Руфина бизнеса не понимала в упор. Каждый, кто за сотню баксов дал в газету объявление, казался ей концом ее собственного бизнеса. А тем и нанять-то было некого преподавать. Да и понимали они в предмете не больше Руфины, которая готова была взять деньги со всех, кто готов их заплатить. Она требовала чтобы мы увеличили набор. Можно было и утроить и упятерить — желающие сотнями выстраивались в waiting list. К сентябрю 1995 года в записи было 250-300 человек. Когда я говорил, что нельзя брать больше, чем мы в состоянии устроить на работу, она истерила и кричала, что пока люди деньги дают — надо брать, а там уже будет видно. И что я, типа, зажрался, а ей двух детей малых поднимать.
Нахождение днем в современном офисе, где, одновременно, был Полярник и десяток студентов создавало у нее ощущение руководства оживленным бизнесом, большим хозяйством. Мало того, со временем некоторые рекрутеры, зная уже о нашей школе, позванивали и просили прислать кого-то. Парочка студентов из подопечных Полярника так получили работу.
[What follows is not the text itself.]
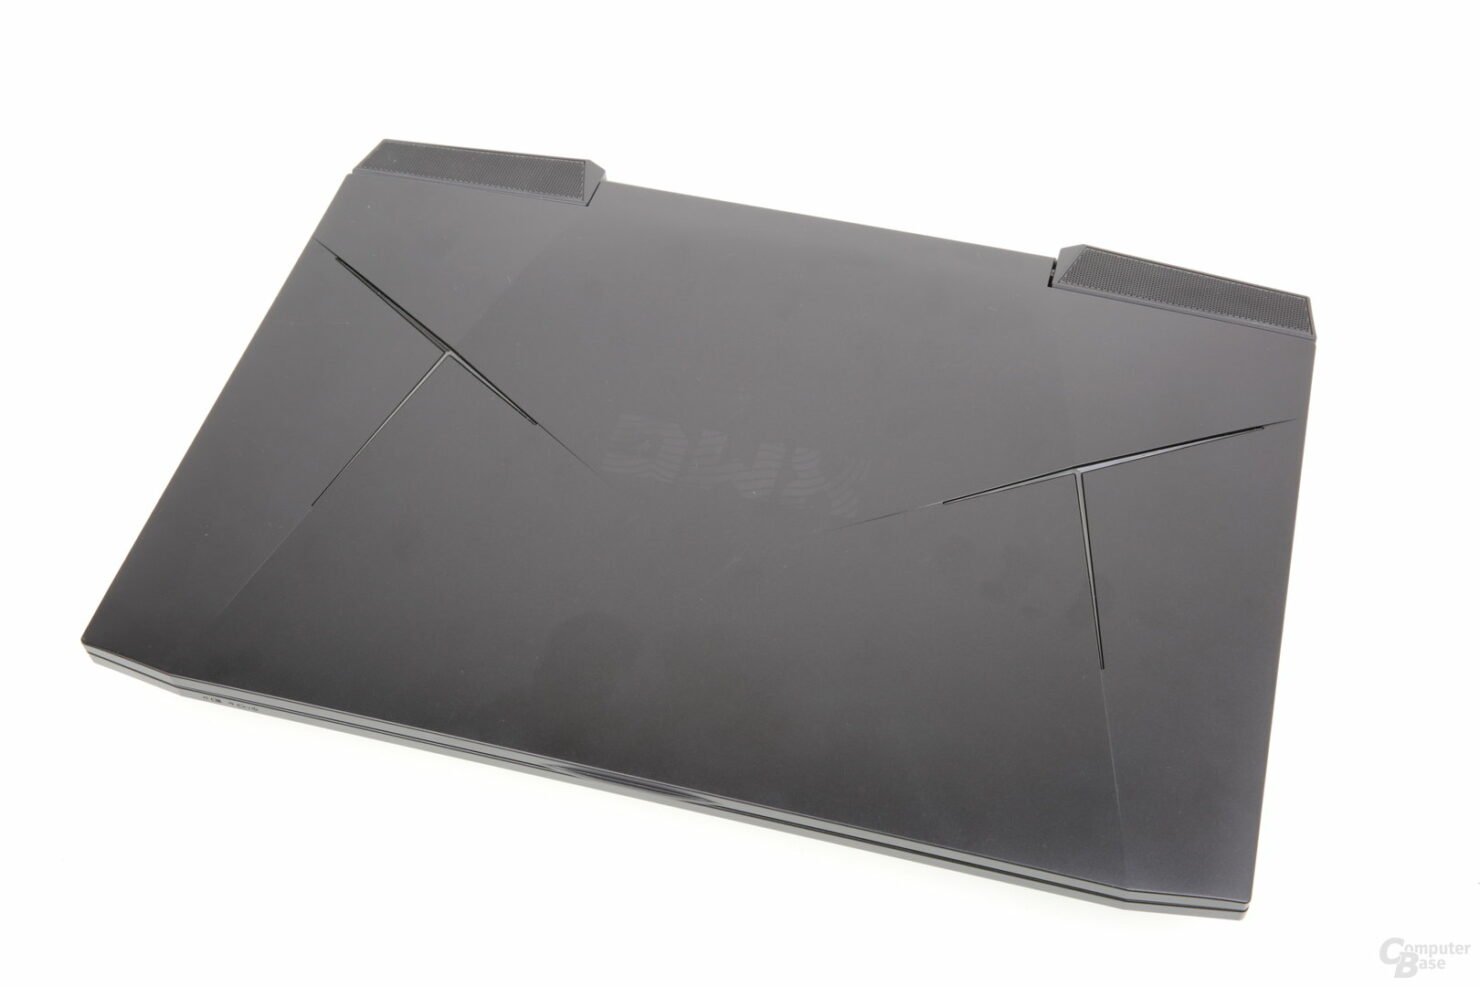 xmg-u726-laptop_geforce-gtx-980_4

Руфина возгордилась так, что крыша у нее поехала еще больше, если вообще можно было быть дальше от реальности, чем она уже была. Кто-то из студентов отказался дать ей резюме для рассылки, сославшись на мой список рекрутеров и инструкцию не выходить за его пределы. Руфина мне в офис звонит в истерике, что я подрываю ее авторитет. Я ей объясняю спокойно, что есть процесс, она просто не в курсе его деталей. И что, если кто-то будет просить резюме, надо со мной согласовать кого отправлять, поскольку я это тщательно координирую.
Тут она мне и говорит: «да я не хуже тебя этот процесс координирую и студентов на работу устраиваю». Вот и отлично, говорю я. Значит мне не нужно продавать мою долю бизнеса постороннему человеку. Если ты согласна на 150 тысяч, то я ее продам тебе. Она тут же согласилась, без торговли, и мы на некоторое время расстались, повесив трубки, почти друзьями.
Это произошло в двадцатых числах июля 1995 года.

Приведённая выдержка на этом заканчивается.